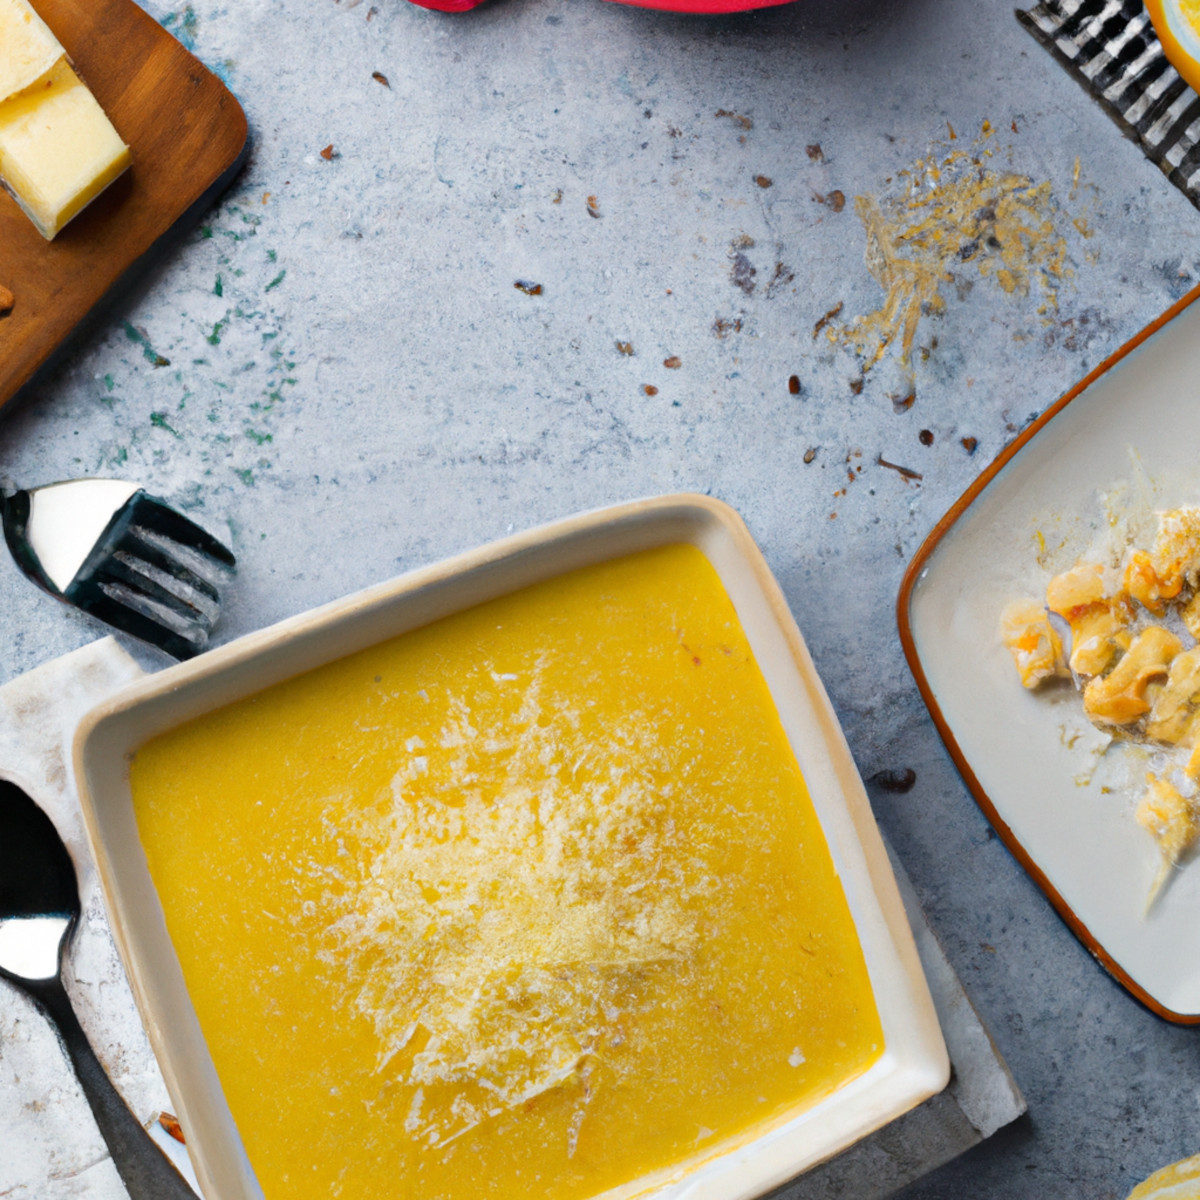 potato cheese soup
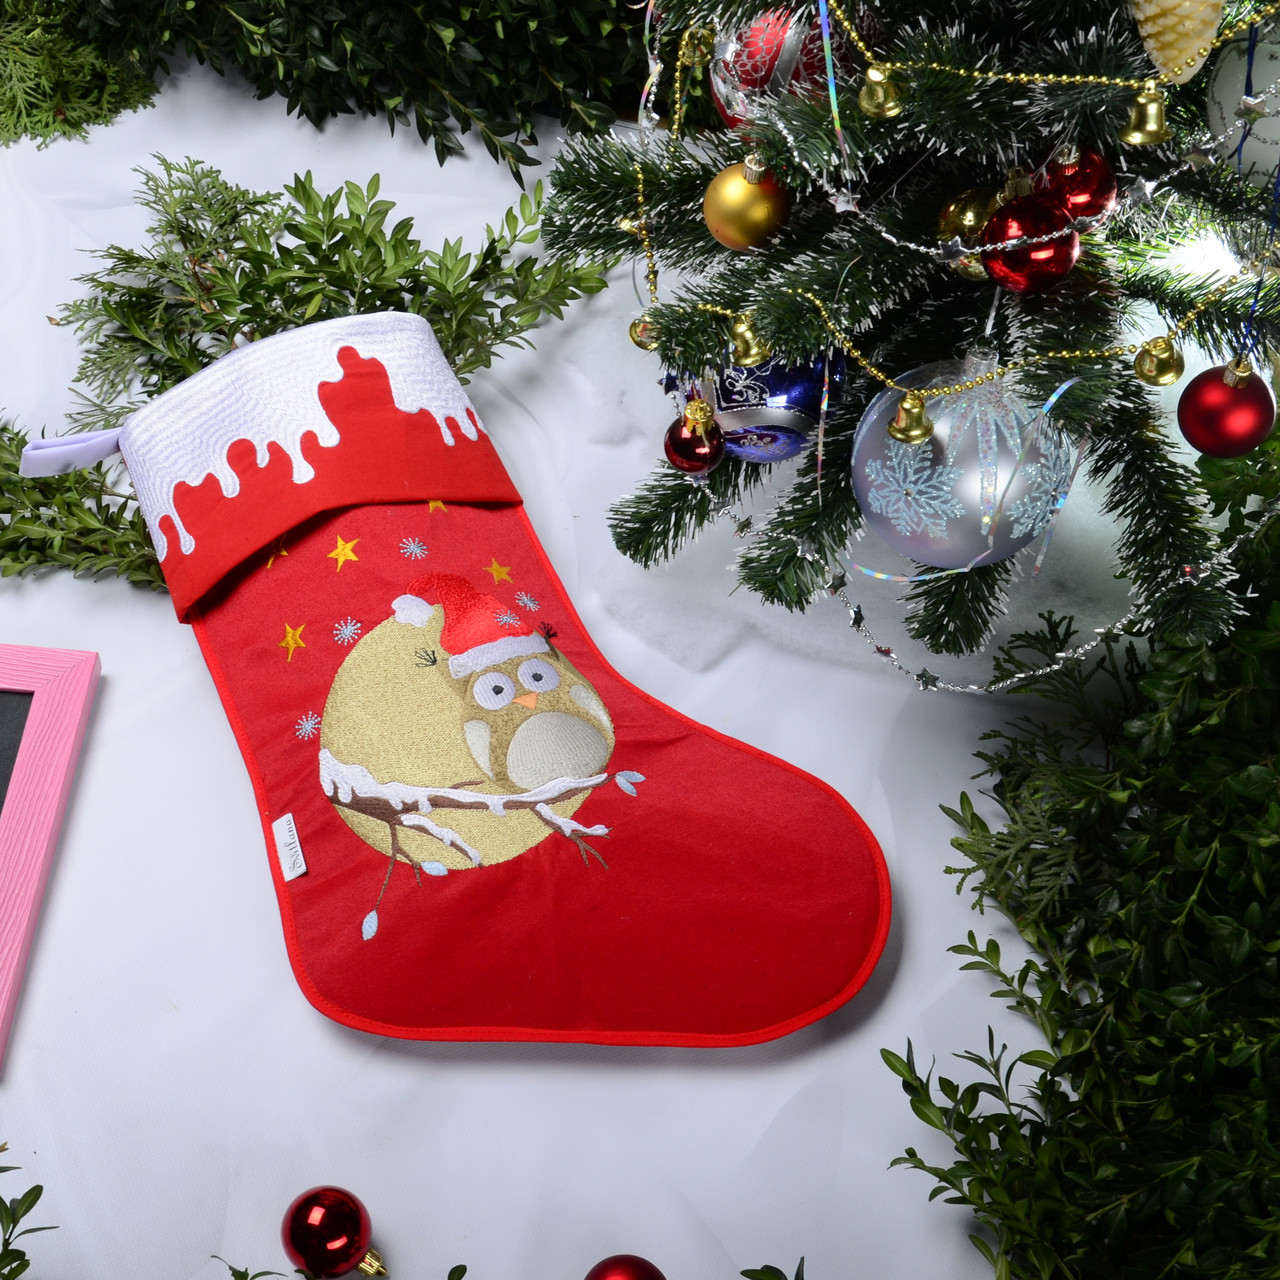 Новорічний подарунковий чобіт, Різдвяний носок, з вишивкою, червоного кольору, вишивка — сова на гілці.
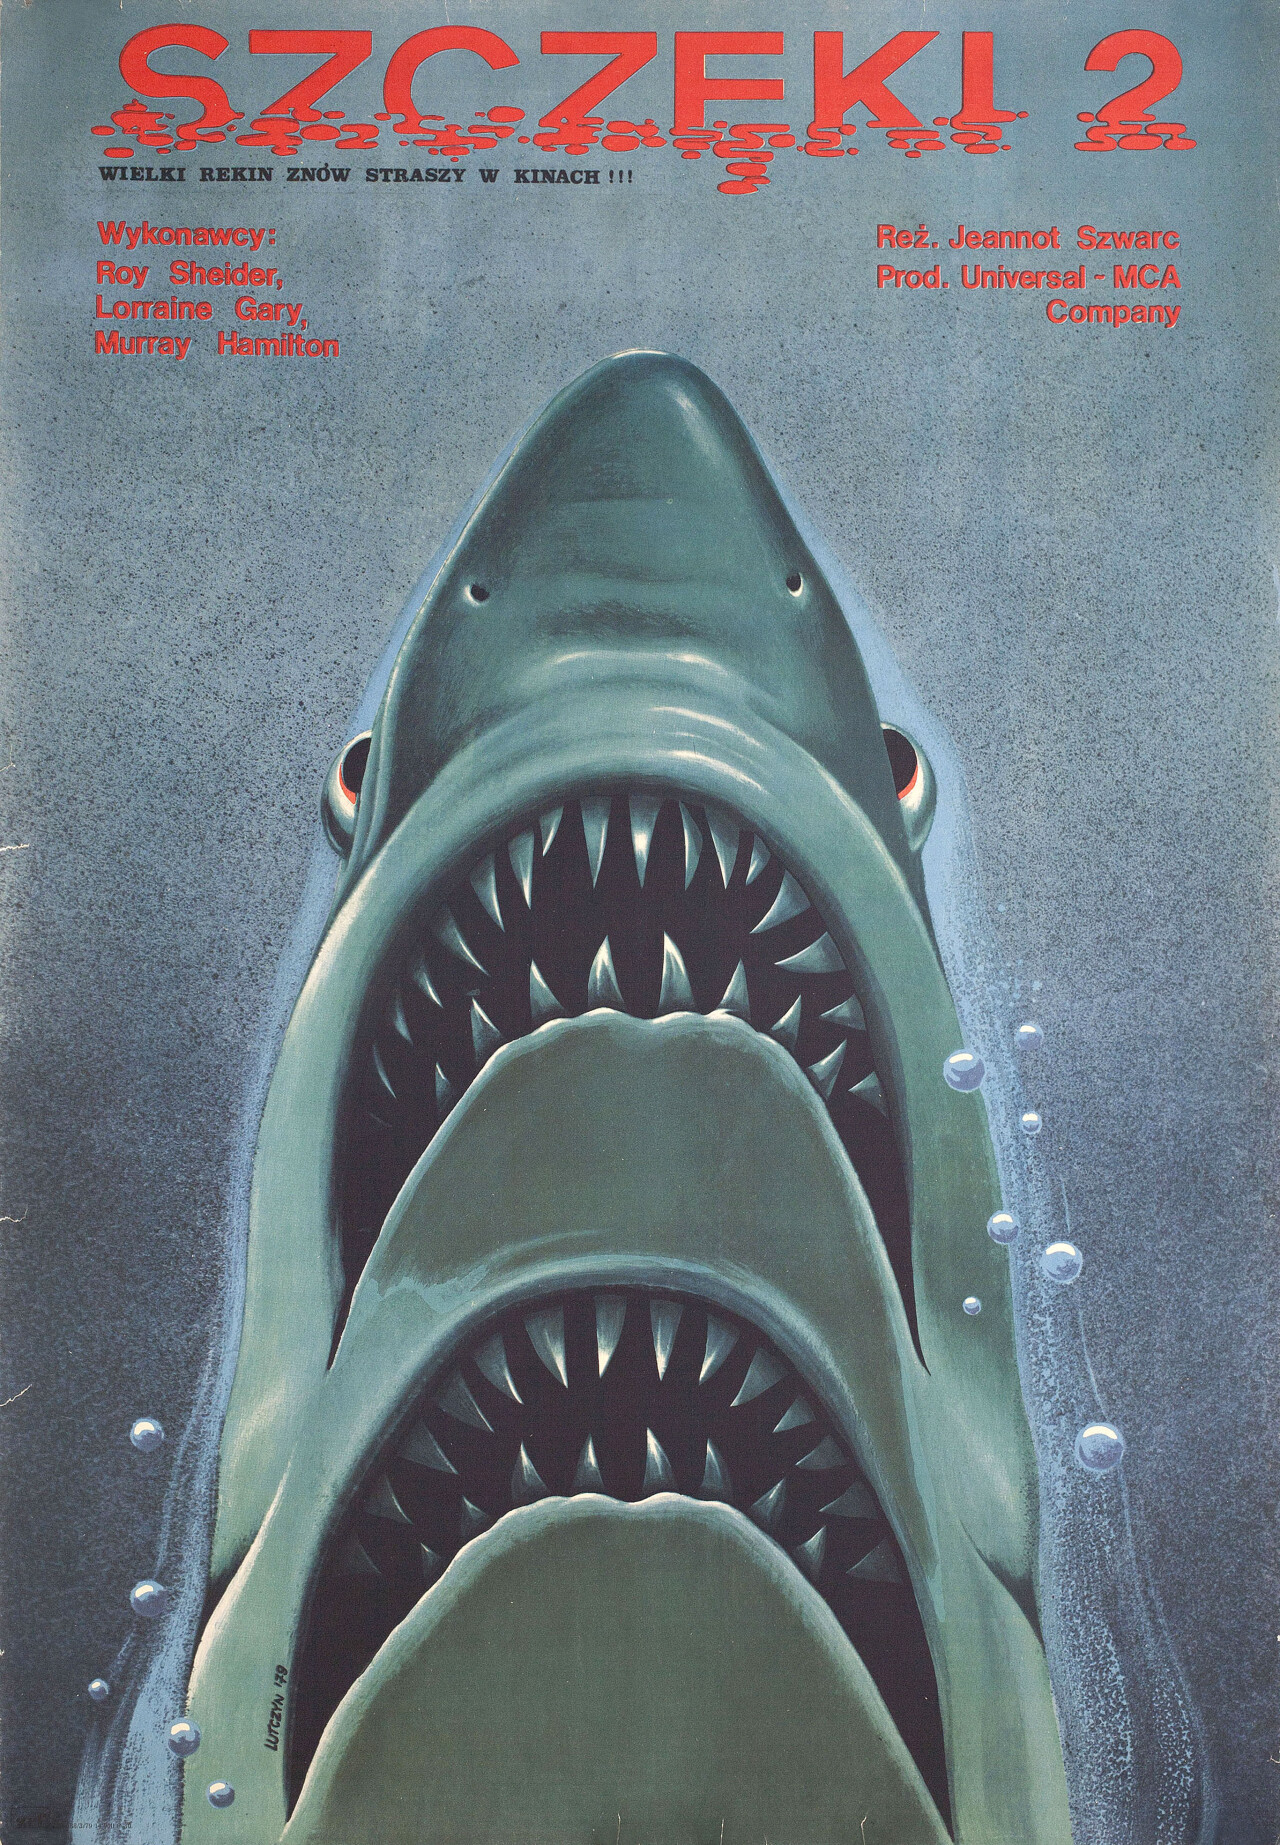 Челюсти 2 (Jaws 2, 1978), режиссёр Жанно Шварц, польский постер к фильму, автор Эдвард Лучин (графический дизайн, 1979 год)

WHAT YOU SHOULD DO: The pictures should be dropped, and every line above should be set down again exactly.

EXERCISE OUTPUT:
 potato cheese soup
 Новорічний подарунковий чобіт, Різдвяний носок, з вишивкою, червоного кольору, вишивка — сова на гілці.
 Челюсти 2 (Jaws 2, 1978), режиссёр Жанно Шварц, польский постер к фильму, автор Эдвард Лучин (графический дизайн, 1979 год)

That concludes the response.